You should see the output
<code>

Hi
My
Name
Is
Kafka

Assuming that everything works, it’s time to package up this box so that we can use it as our new base box for the other VMs in the cluster.

On your host, find the name of your current VM.

VBoxManage list vms

 


Mine happens to be “vagrant_default_1399123653833_13594”

Now package it up into a box.

vagrant package --base vagrant_default_1399123653833_13594 --output debian-cluster.box

 


Put the box in a more easily recognizable location.

mkdir ~/boxes
mv debian-cluster.box ~/boxes

 


10. Shutdown the VM

vagrant halt

Part II – Adding new nodes to the cluster from the newly created base box

1. Make a directory for a new cluster node and cd to it. “debian-cluster-node-2” sounds good to me.

vagrant init debian-cluster-node-2 ~/boxes/debian-cluster.box

2. Edit the Vagrantfile, do NOT overwrite it with the Vagrantfile from your other box.
Set the memory to 2048 and set the private IP address to something different this time. I will use this: 192.168.33.22

3. Start up the new box and log in

vagrant up
vagrant ssh

4. Edit the Kafka config settings
If you set $KAFKA_HOME in your .bash_profile before packaging the box in Part I of this walk-through, it will be here:
$KAFKA_HOME/config/server.properties

Set the following properties:

broker.id=2
host.name=192.168.33.22

 


Leave the Zookeeper settings alone for now.

5. In another terminal window, start your first Vagrant box up again and log in. (Cluster Node 1)

vagrant up
vagrant ssh

 


6. Start Zookeeper and Kafka

sudo $ZK_HOME/bin/zkServer.sh start
sudo $KAFKA_HOME/bin/kafka-server-start.sh $KAFKA_HOME/config/server.properties &

 


7. Go back to your newly created VM for your second cluster node and start Kafka (Cluster Node 2)

sudo $KAFKA_HOME/bin/kafka-server-start.sh $KAFKA_HOME/config/server.properties &

That’s it! Your Kafka servers are now clustered together.
To test, go back to the terminal window for node 1.
Produce some messages to the topic that you created earlier, but this time use your new VM as the broker.

$KAFKA_HOME/bin/kafka-console-producer.sh --broker-list 192.168.33.22:9092 --topic topic-1
Hello
From
Broker 2

 


(ctrl-c)

Check to see that your messages were successfully produced

$KAFKA_HOME/bin/kafka-console-consumer.sh --zookeeper 192.168.33.21:2181 --topic topic-1 --from-beginning

You should be able to produce messages to either broker now, or you can pass in both brokers to the console producer:

$KAFKA_HOME/bin/kafka-console-producer.sh --broker-list 192.168.33.21:9092,192.168.33.22:9092 --topic topic-1

 


What about Zookeeper?

Zookeeper uses a “majority rule” strategy to make its decisions. If we were to setup a 2-server Zookeeper cluster, and 1 server died, then there would only be 1 out of 2 remaining, which is not enough to be a “majority.” See this post for a better explanation.

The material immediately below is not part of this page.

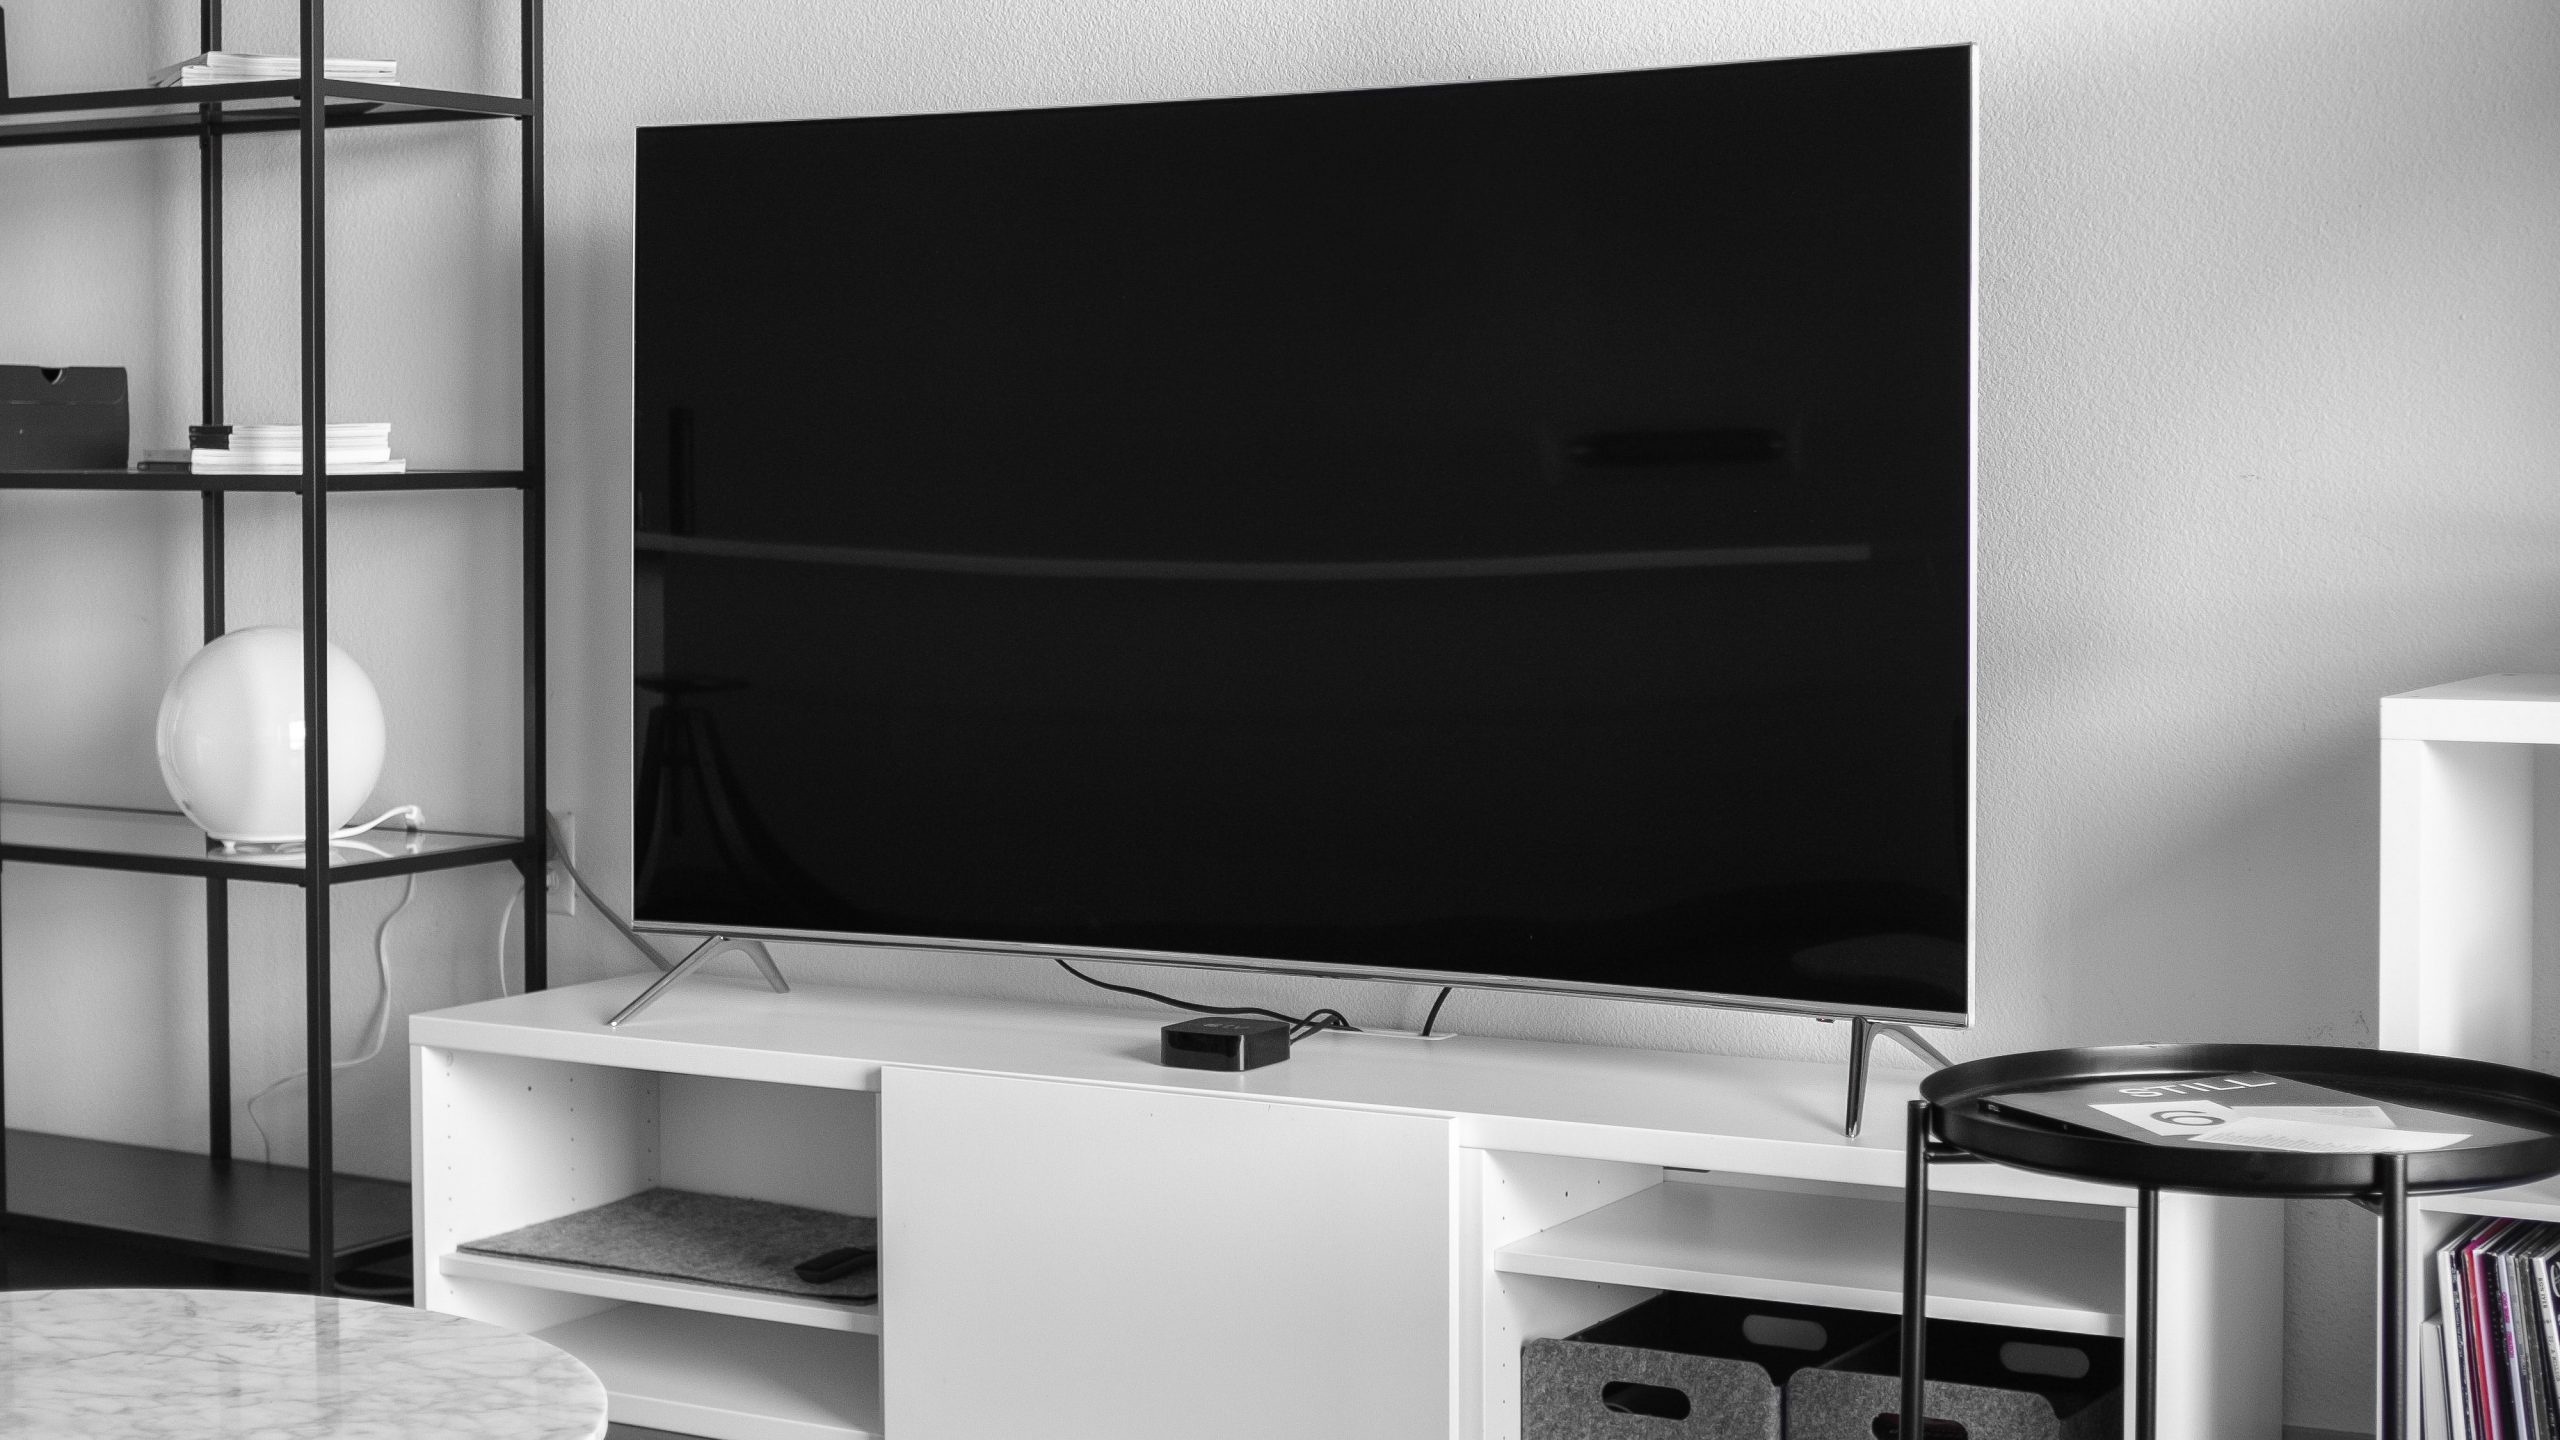 How to clean the screen of your TV - Products for cleaning the home

Now let’s add a third node so that we can configure a 3-node Zookeeper cluster.
Follow steps 1-3 above, but name this node “debian-cluster-node-3”, and give it a different private IP in the Vagrantfile. I will use 192.168.33.23. At step 4, we’ll do things a little differently, so come back here when you’ve finished steps 1-3.

4. Edit the Kafka server properties

$KAFKA_HOME/config/server.properties

Just as we did for the second node, we set the broker.id and host.name properties.

broker.id=3
host.name=192.168.33.23

 


This time, since we will have a 3-node Zookeeper cluster, we will also edit the zookeeper.connect property.

zookeeper.connect=192.168.33.21:2181,192.168.33.22:2181,192.168.33.23:2181

At this time, go back and edit the server.properties file in your other two boxes and set the zookeeper.connect property to be the same as what you have here.

5. Edit the Zookeeper config (for all servers)
We ignored this step when setting up the second node in the cluster, because we didn’t have enough servers for a proper Zookeeper cluster yet. We’re going to have to go back and take care of that now.

In all three of your servers, open up $ZK_HOME/conf/zoo.cfg file, and make sure you have the following:

server.1=192.168.33.21:2888:3888
server.2=192.168.33.22:2888:3888
server.3=192.168.33.23:2888:3888

 


6. Set the myid file for the second and third servers
Remember that 1-character long file we created on the first box?
We need to do the same thing for the second and third servers, or our Zookeeper cluster will not work.
Since we used “1” for the first server, let’s keep it simple for the other servers.

On your second server:

echo "2" > /var/zookeeper/data/myid

On your third server:

echo "3" > /var/zookeeper/data/myid

7. Shut them all down, hurry!
Ok, no hurry, but let’s shut down all the boxes and then bring them up one at a time, just to be sure we’re starting fresh.

For each VM

exit
vagrant halt

8. Start them all up again

vagrant up
vagrant ssh

9. Start Zookeeper and Kafka on each server
Zookeeper first
It’s a good idea to start up all the Zookeeper instances first before starting Kafka, so for each VM:

sudo $ZK_HOME/bin/zkServer.sh start

Now start Kafka on each node.

sudo $KAFKA_HOME/bin/kafka-server-start.sh $KAFKA_HOME/config/server.properties &

Your cluster should be in full swing now!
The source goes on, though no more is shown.